Huimin_ZENG · January 11, 2020, 10:38pm

Hi! I have read this post: CUDA memory leakage.

In the discussion, I find that this makes great sense to me:
Often memory leaks are created by trying to store some training information like the loss without detaching it from the computation graph, which will store the whole graph with it.

However, I don’t understand why the memory usage remains the same when I just add all the outputs into a variable (no detach operation). I think I am still storing the training information, right?

Thank you!

ptrblck · January 12, 2020, 3:09am

If you append a tensor with an attached computation graph (valid .grad_fn), the computation graph will be stored with it and should could see an increased memory usage in each iteration.
Is this the case for you or are you seeing any other issue?

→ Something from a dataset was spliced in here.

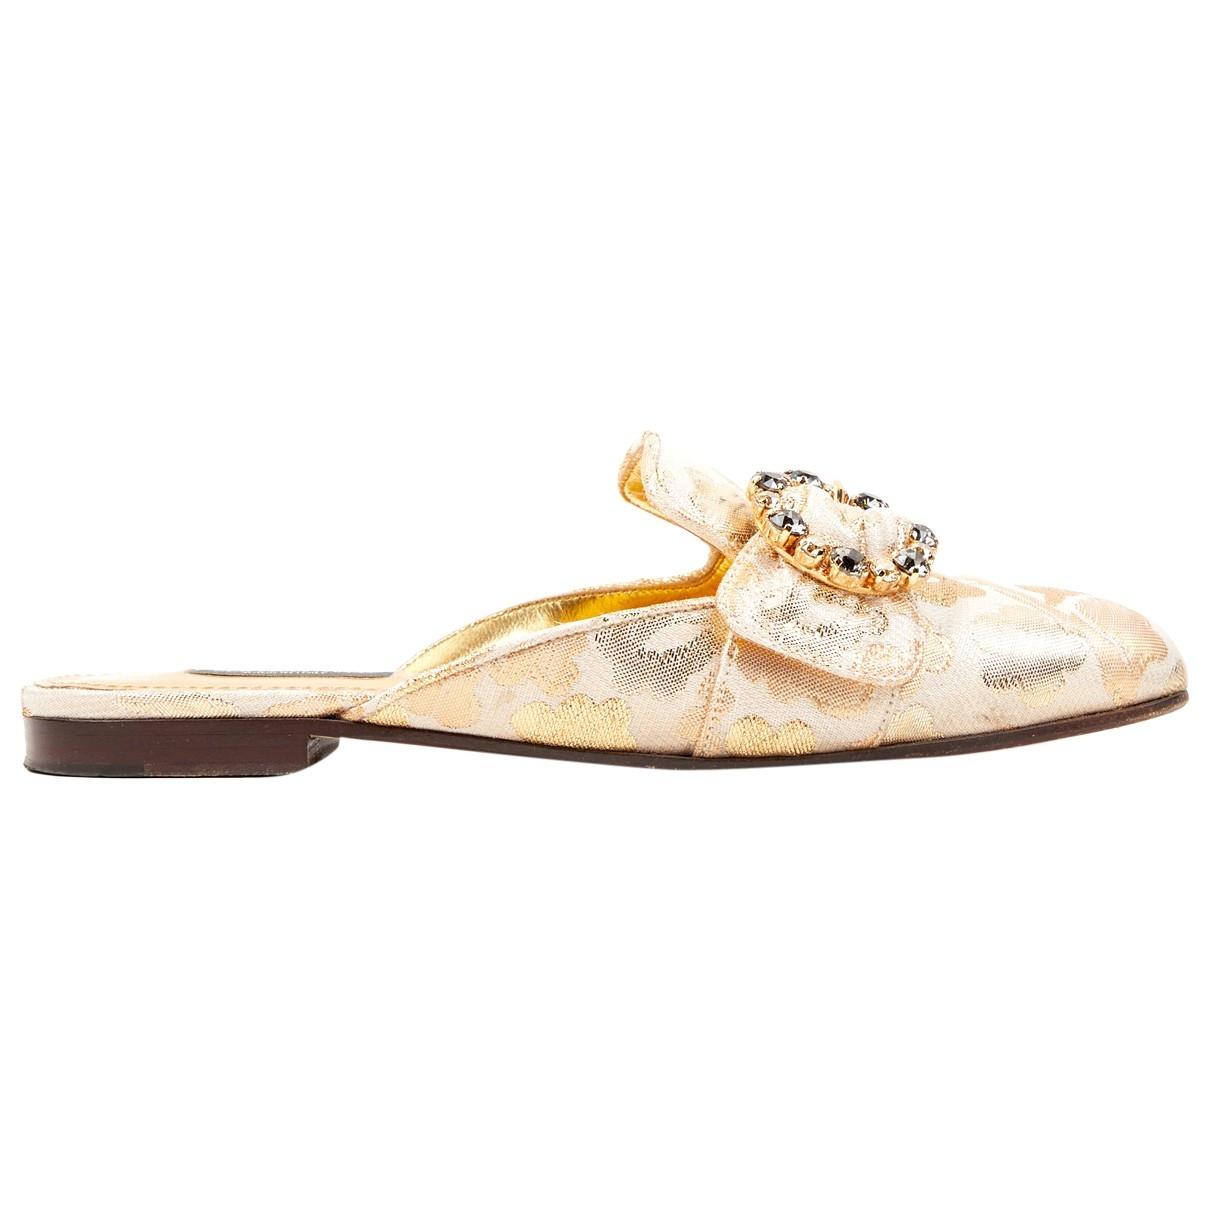 Dolce & Gabbana \N Gold Cloth Mules & Clogs for Women 36.5 EU

harryhar · January 12, 2020, 5:45am

Thank you for the reply! May post some code here, so that I can explain it more clearly.

net = net.cuda()
sum = 0

while True:
batch = 4
h = 3
w = 3
num_outputs = 5
x = torch.randn(batch,1, h, w).cuda()
y = net(x)
sum += y

So basically, I am just summing all the outputs, and the computation graph should be attched to the outputs, right? However, the GPU usage remains the same. I don’t understand why.

Thanks!

Huimin_ZENG · January 12, 2020, 5:47am

Thank you for the reply! May post some code here, so that I can explain it more clearly.

while True:
x = torch.randn(batch,1, h, w).cuda()
y = net(x)
sum += y

So basically, I am just summing all the outputs, and the computation graph should be attched to the outputs, right? However, the GPU usage remains the same. I don’t understand why.

Thanks!

ptrblck · January 12, 2020, 8:01am

Yes, this should be the case, if you didn’t wrap the code block in a with torch.no_grad() block.

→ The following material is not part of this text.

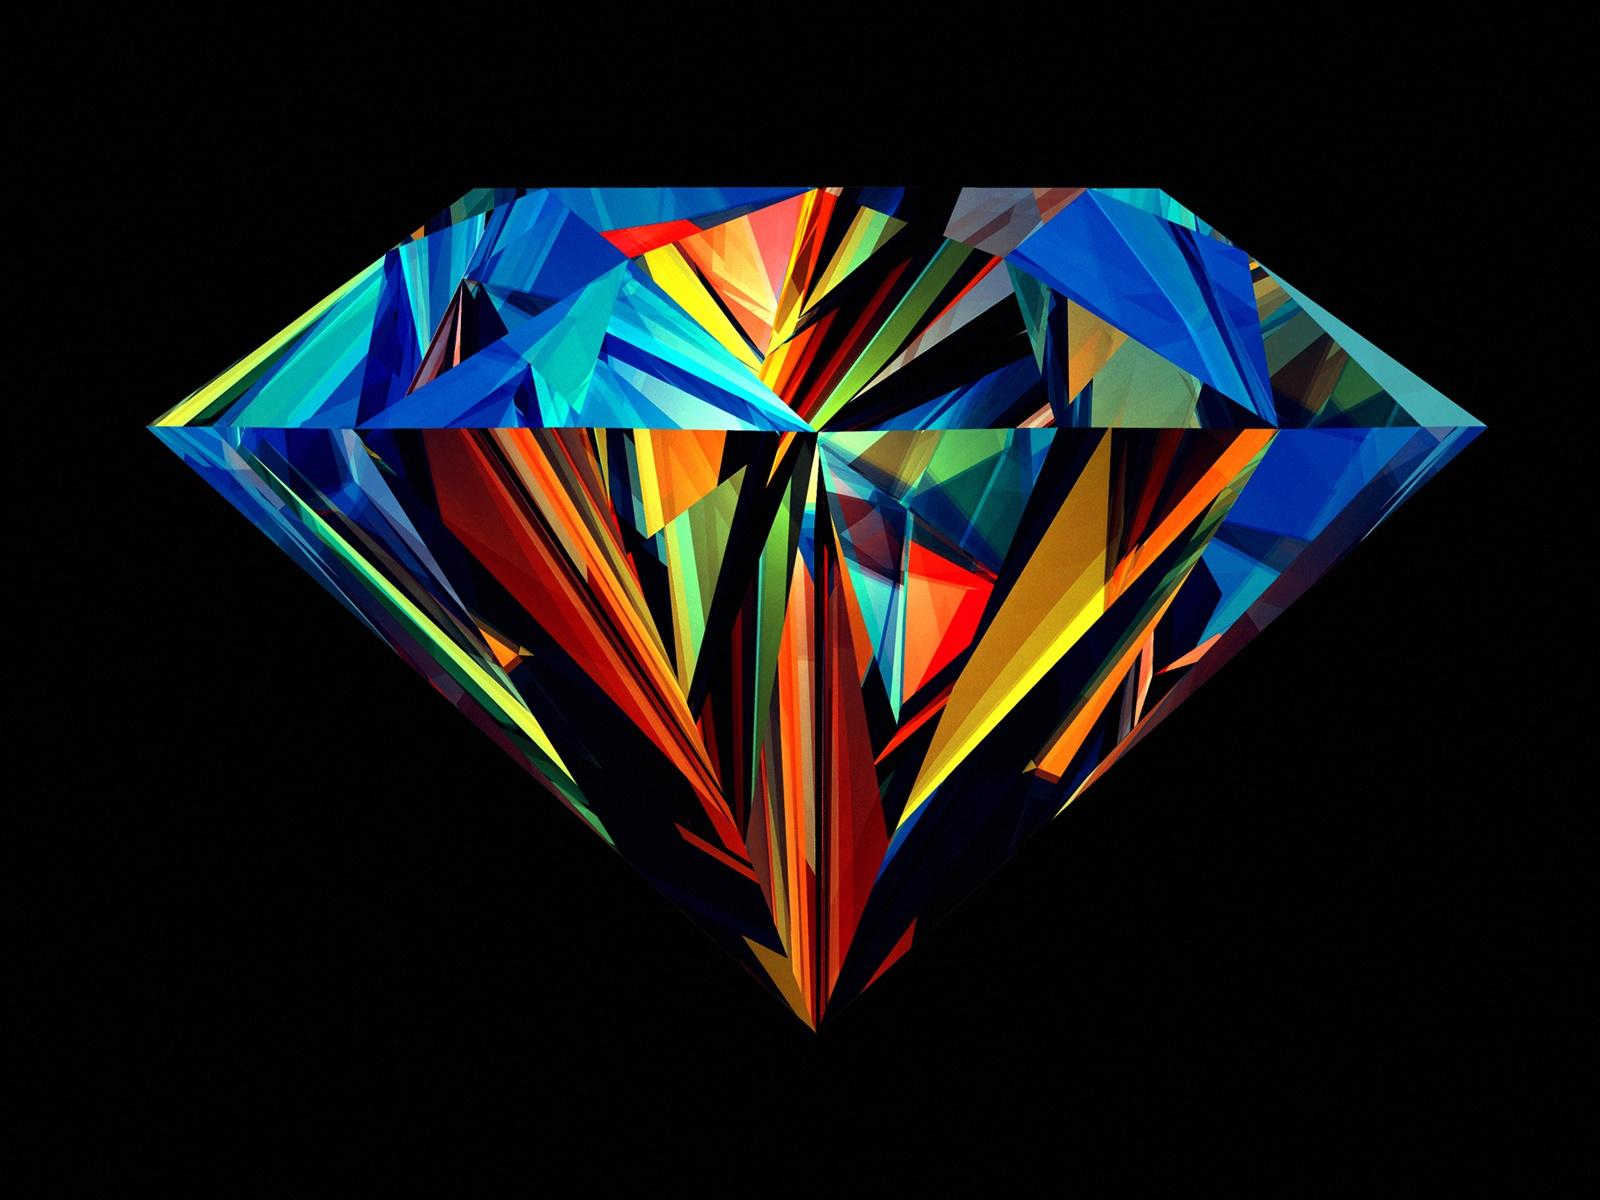 钻石美丽的颜色,黑色的背景 桌布 - 1600x1200

Which model are you using? Also, how are you checking the memory usage? Could you print it using torch.cuda.memory_allocated() in the loop?

Huimin_ZENG · January 12, 2020, 7:39pm

Thank you for the instructions and sorry for the delayed reply.

I failed to reproduce the results I mentioned from the beginning. The usage of GPU is increasing now.

I am just using a really small toy model. And I keep typing command nvidia-smi to check the memory usage.

Thank you so much!

ptrblck · January 12, 2020, 11:25pm

PyTorch uses a custom caching memory allocator, which will try to reuse the device memory.
Thus nvidia-smi shows you the overall memory usage including the CUDA context, the allocated and the cached memory (also from other processes), which might show the increased memory usage after a couple of steps for small model.